An array of wildflowers can be seen including; deer vetch (Lotus rigidus), firecracker penstemon (Penstemon eatonii); white trumpet-shaped blossoms on moonflower (datura) and seven-foot-tall tree tobacco near the Queen Creek Tunnel. Scan cliffs above the road to marvel at towering hoodoos and eroded rock formations in Queen Creek Canyon; look down for thick clumps of Tufted Evening Primrose (Oenothera caespitosa), and rare endemic rhyolite bush (Crossosoma bigelovii) that prefer slopes of decayed volcanic rock.
Hwy 60 emerges from Queen Creek Canyon near the entrance to Oak Flat campground. Earliest flowers you’ll find here are subtle pink-and-white native manzanita blossoms along both sides of the road during February, followed by thick patches of lavender Gooding’s Verbena and a fragrant wild lilac known as ceanothus during March on the north side of the highway.

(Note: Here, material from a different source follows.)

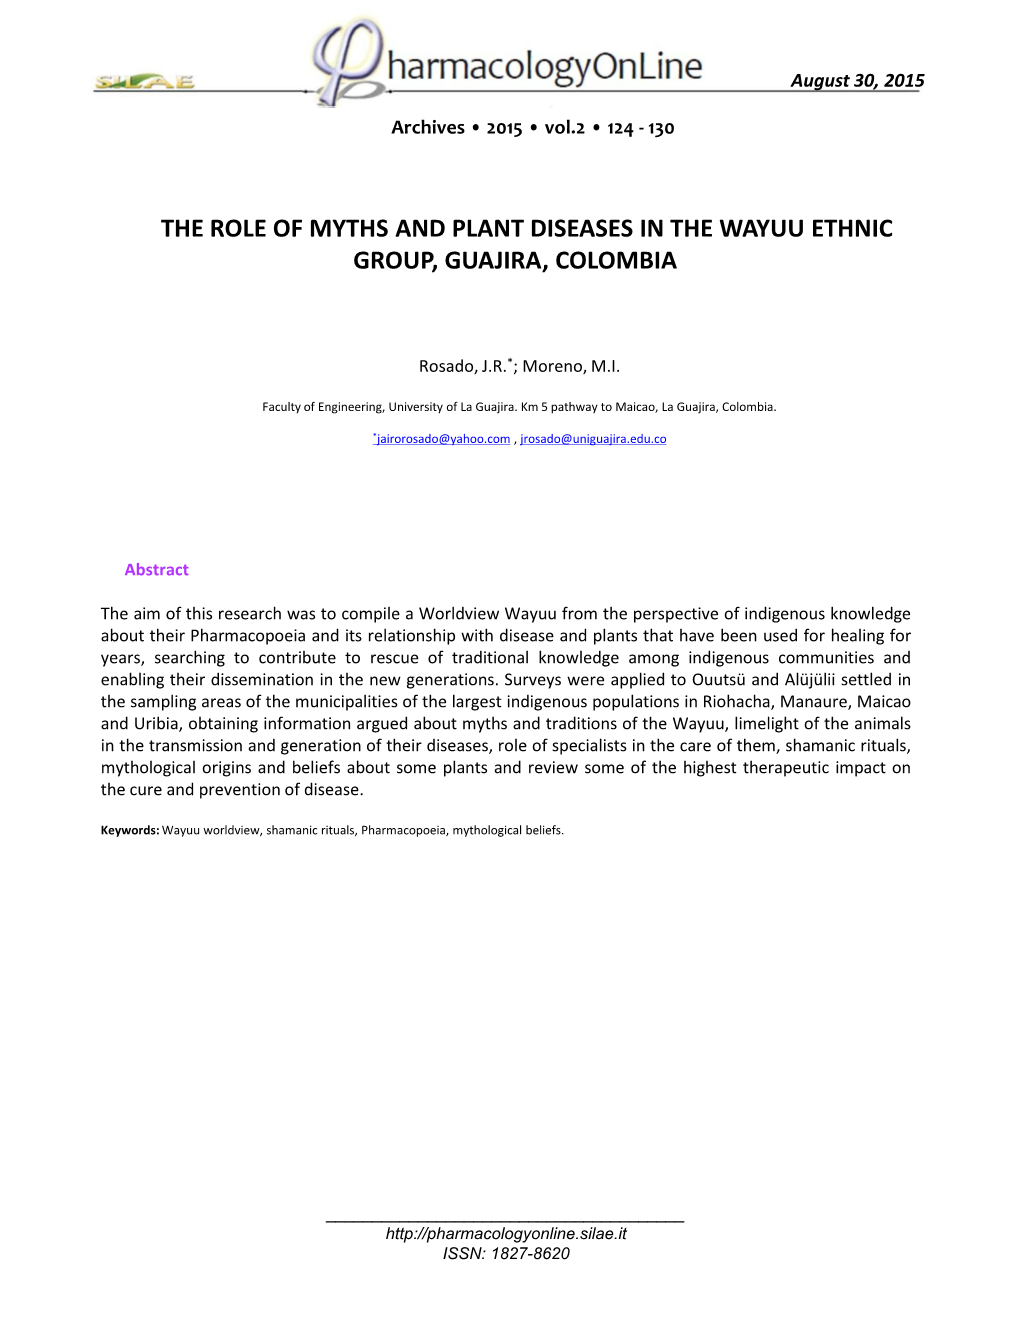 The Role of Myths and Plant Diseases in the Wayuu Ethnic Group, Guajira, Colombia

Continue highway 60 farther East through Devil’s Canyon and watch for vivid red claret cup cacti in the cliffs.
Robust patches of Mexican Gold poppies between Miami and Globe flourish along sidewalk pavement edges between mileposts 244-246 where you can ponder our local ‘Beauty and the Beast’ contrast along the industrial mile of highway past the copper Rod Plant east of Miami, driving through the small community of Claypool.
If you’re more adventuresome and care to hike, there are plenty of opportunities to explore on foot. Some of the most popular trails in the Pinals include Ice House, Six Shooter, Ferndell and Telephone Trails; or park and walk either of two graded dirt roads uphill towards Pioneer Pass or Signal Peak to see Astragalus (freckled milkvetch); Lupine, thistle and wallflower. In April watch for the unusual tennis-ball-shaped flower clusters on the ‘Antelope Horns’ milkweed growing roadside.
One of the most popular parks in the region is Round Mountain Park located in Globe just north of the Two Lanes Bar on highway 60. Here you’ll find well marked trails, good parking and several picnic areas along with colorful native flowers ranging from False Garlic to wallflower, delphinium, doubting mariposa lilies, fragrant barberry shrubs and vivid purple hedgehog cacti. Dogs are welcome as long as they are on a leash.
Perhaps the biggest draw to the region is the breathtaking blankets of golden poppies fount at Peridot Mesa on the San Carlos Apache Reservation. It is an annual magnet for professional and amateur photographers alike.
Peridot Mesa’s among the most accessible spots for flower photography, too; less than one mile north of highway 70. No 4-wheel drive or high clearance needed! The dirt road up-and-over the mesa is suitable for most vehicles driven slowly and carefully.